LCT-19XOk, we are up and running. Our unresolved 20C grid count at the start of this completion exercise is
626,731,783. This translates to roughly 280 core-days.
There are 6400 jobs to process, each job representing a work-unit of 100,000 grids to test. The division is done on a band basis, so for each of the band file indices 1 to 255, there is at least one job with less than 100,000 grids. (Band files 250-255 are composite, they span multiple ED band indices).

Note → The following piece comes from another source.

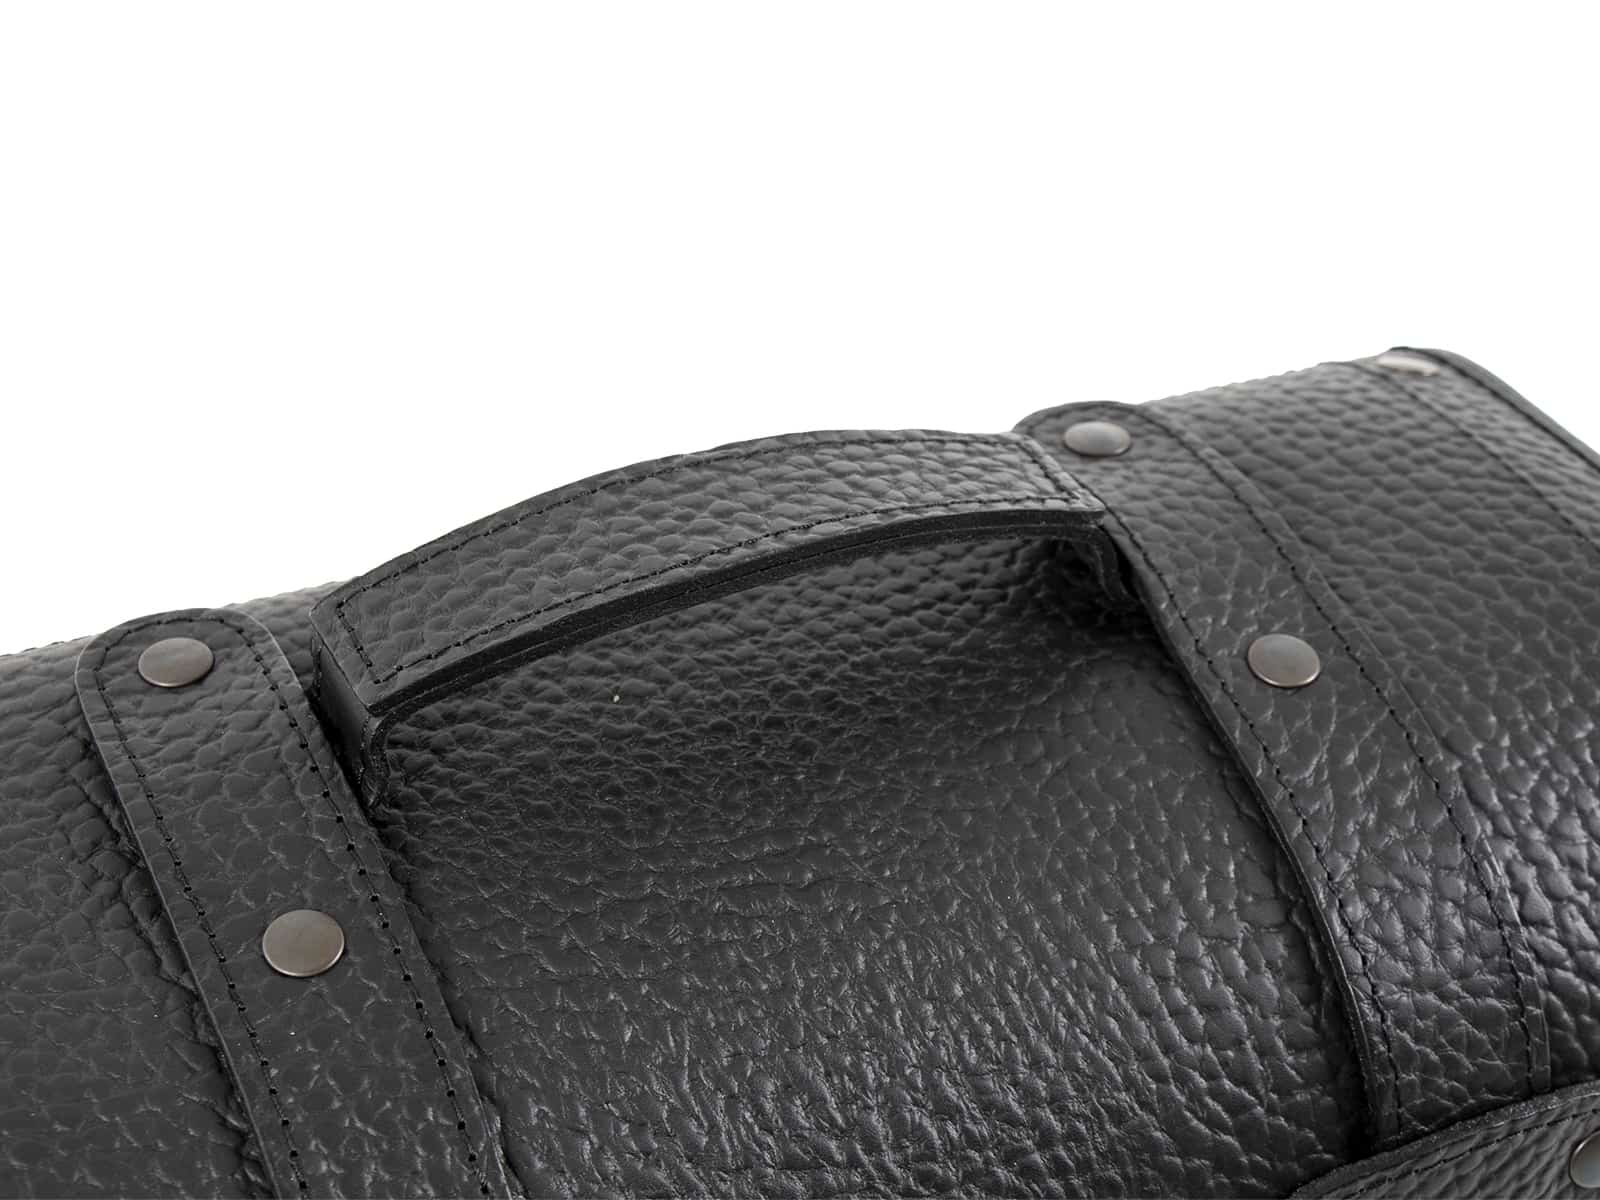 Liberty Big leather bag set for C-Bow holder

Despite the fact that our morphing process eventually resolved ~88% of all the 20C grids that we started with, it is clear that some bands were significantly harder to hit. Here is a small sample of some of the larger bands, from the report produced by
CreateWorkUnits:
- Code: Select all
03:33:35: Processed b006: ng = 96,229,043, n20 = 2,106,353, jobs = 22
03:34:32: Processed b020: ng = 88,782,527, n20 = 1,554,894, jobs = 16
03:34:48: Processed b022: ng = 85,627,560, n20 = 1,476,242, jobs = 15
03:35:03: Processed b024: ng = 85,102,374, n20 = 1,553,046, jobs = 16
03:35:57: Processed b032: ng = 40,697,708, n20 = 7,903,756, jobs = 80
03:37:40: Processed b033: ng = 80,468,664, n20 = 20,258,707, jobs = 203
03:38:27: Processed b034: ng = 79,175,611, n20 = 9,110,207, jobs = 92
03:39:21: Processed b035: ng = 77,979,784, n20 = 10,512,282, jobs = 106
Band 6, the largest of all, was 97% resolved, but band 33 (the largest # of jobs) was only 75% resolved. One suspects that this is not down to sheer chance, but that band 33 probably has less 19C puzzles on average, and is highly likely to yield significant numbers of "No 19C" cases.

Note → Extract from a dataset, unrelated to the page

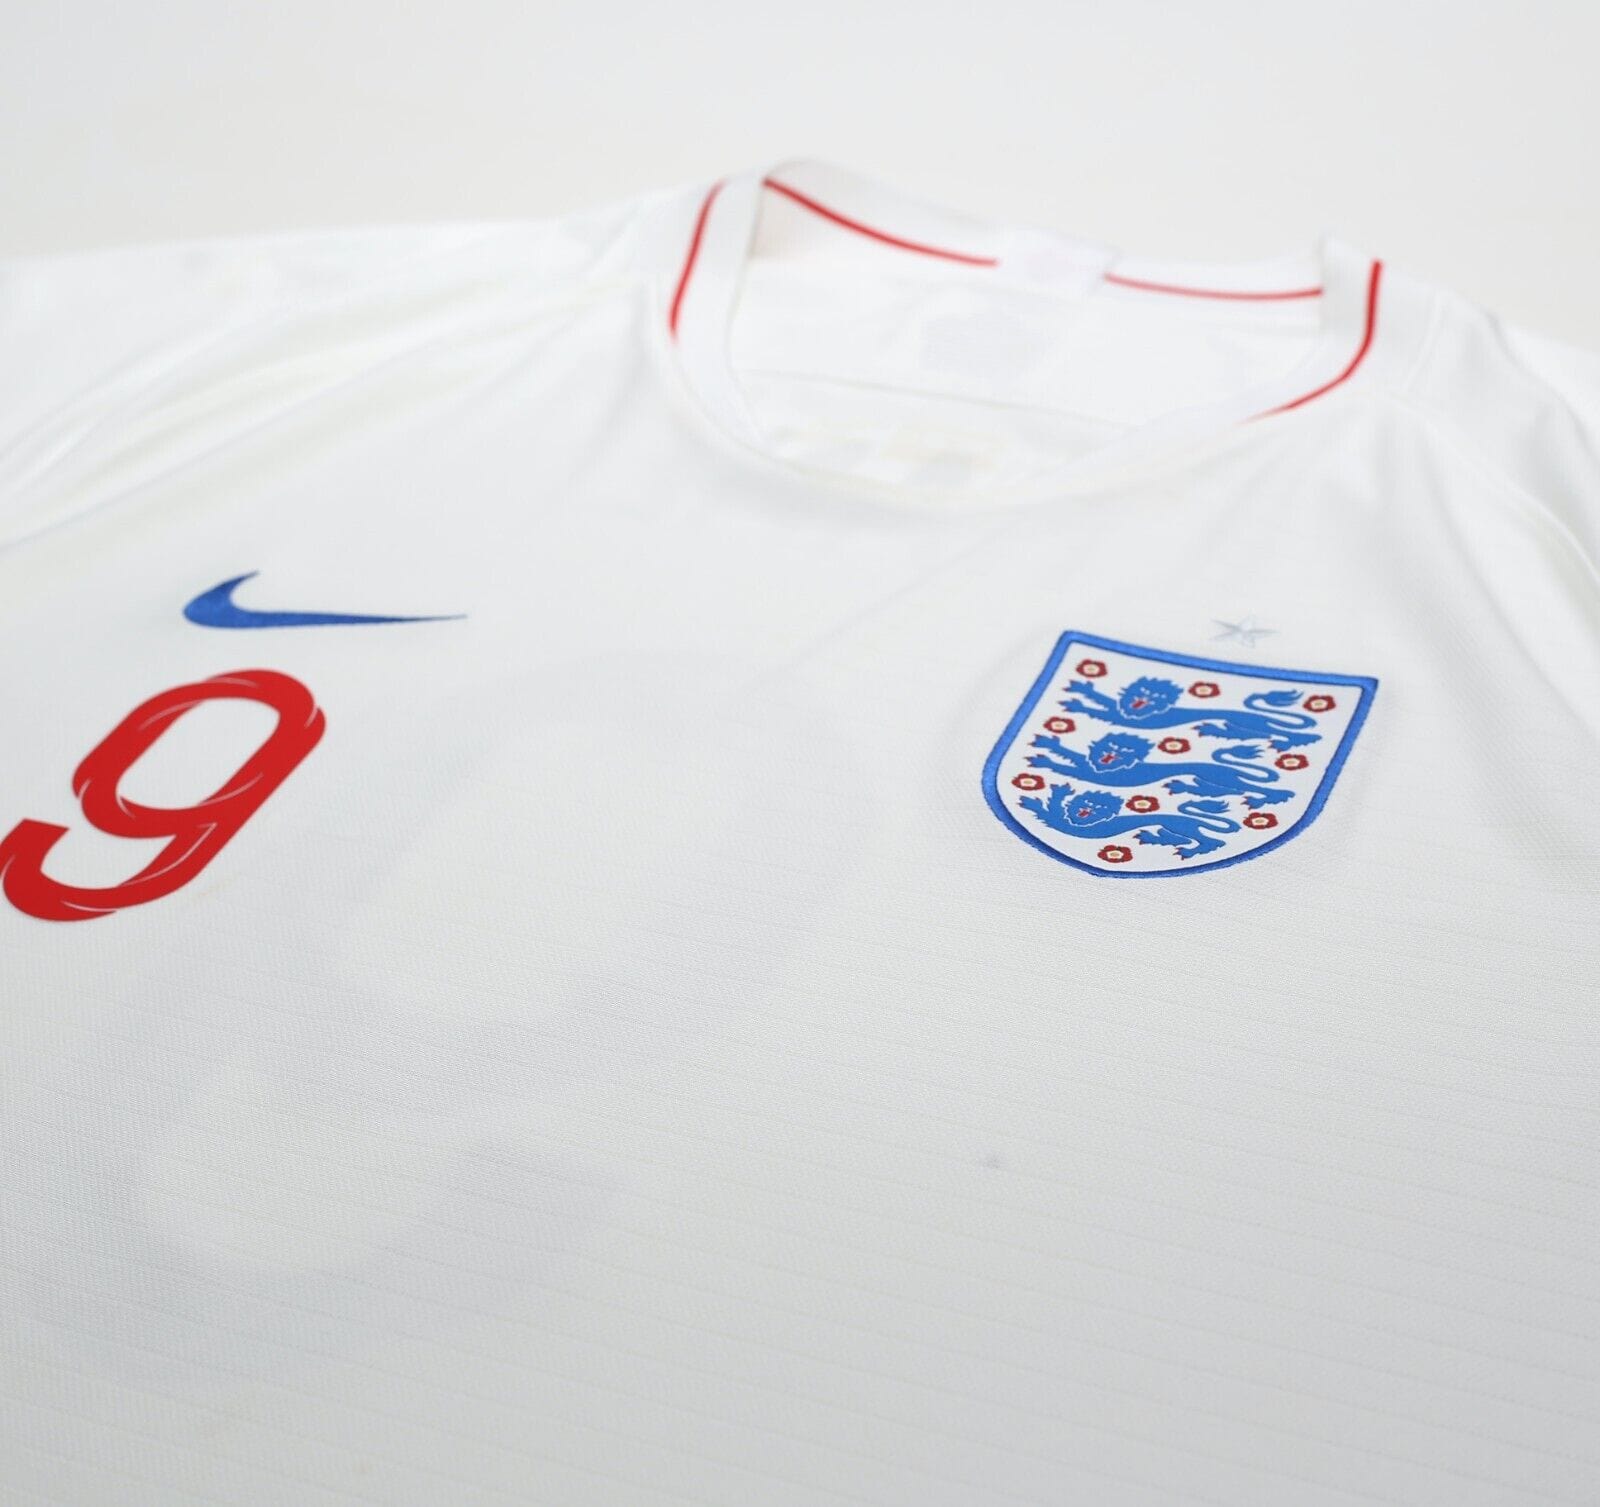 2018/19 KANE #9 England Nike Home Football Shirt (XL) WC 2018

There is very likely to be a strong correlation between the % of unresolved grids in a band, and the average cost of testing grids in that band.
We have data for the first full day of processing now, and we have tested 35 million grids. We are using hyper-threading, running 24 workers on 16 cores, and the net effect appears to be close to a 20-core system. With the 280 core-day estimate that would translate to roughly 14 days for the whole job.
Some snapshots of progress for the first 24 hours:
- Code: Select all
08:40:25: Start
13:42:05: Jobs complete = 69, i/p = 16, NGT = 6979931, NF = 9763 (0.140%) 5h
14:41:06: Jobs complete = 88, i/p = 20, NGT = 8815525, NF = 10425 (0.118%) 6h
16:45:55: Jobs complete = 124, i/p = 24, NGT = 12581337, NF = 12388 (0.098%) 8h
17:42:00: Jobs complete = 142, i/p = 24, NGT = 14273465, NF = 13378 (0.094%)
18:41:04: Jobs complete = 162, i/p = 24, NGT = 16072711, NF = 14560 (0.091%)
20:40:38: Jobs complete = 193, i/p = 24, NGT = 19820132, NF = 16294 (0.082%) 12h
22:50:51: Jobs complete = 243, i/p = 24, NGT = 23585231, NF = 17564 (0.074%)
00:52:35: Jobs complete = 267, i/p = 24, NGT = 26091727, NF = 19999 (0.077%) 16h
06:40:04: Jobs complete = 336, i/p = 24, NGT = 33198587, NF = 30312 (0.091%)
08:42:08: Jobs complete = 359, i/p = 24, NGT = 35310171, NF = 37053 (0.105%) 24h
NGT is the total # of grids tested, NF the total "failures" (No 19C).
As you can see, we might have done better had we started with 24 workers, but I wanted to observe Jack's performance/running temperature, etc just to be sure everything was shipshape (and it was! Jack remained cool and whisper-quiet all the way!)
The % of fails drops steadily for some time, then kicks up again, and this corresponds to the point at which we started on bands 32 and 33. So no surprise there - if you look closely you will see there is a corresponding decrease in overall grid-test rates.
And this translates to varying "total job time" estimate predictions, all in excess of the theoretical 14 days. 16 days (based on 1st 12 hour period), 20 (the second 12 hours), 18 for the full 24 hour period.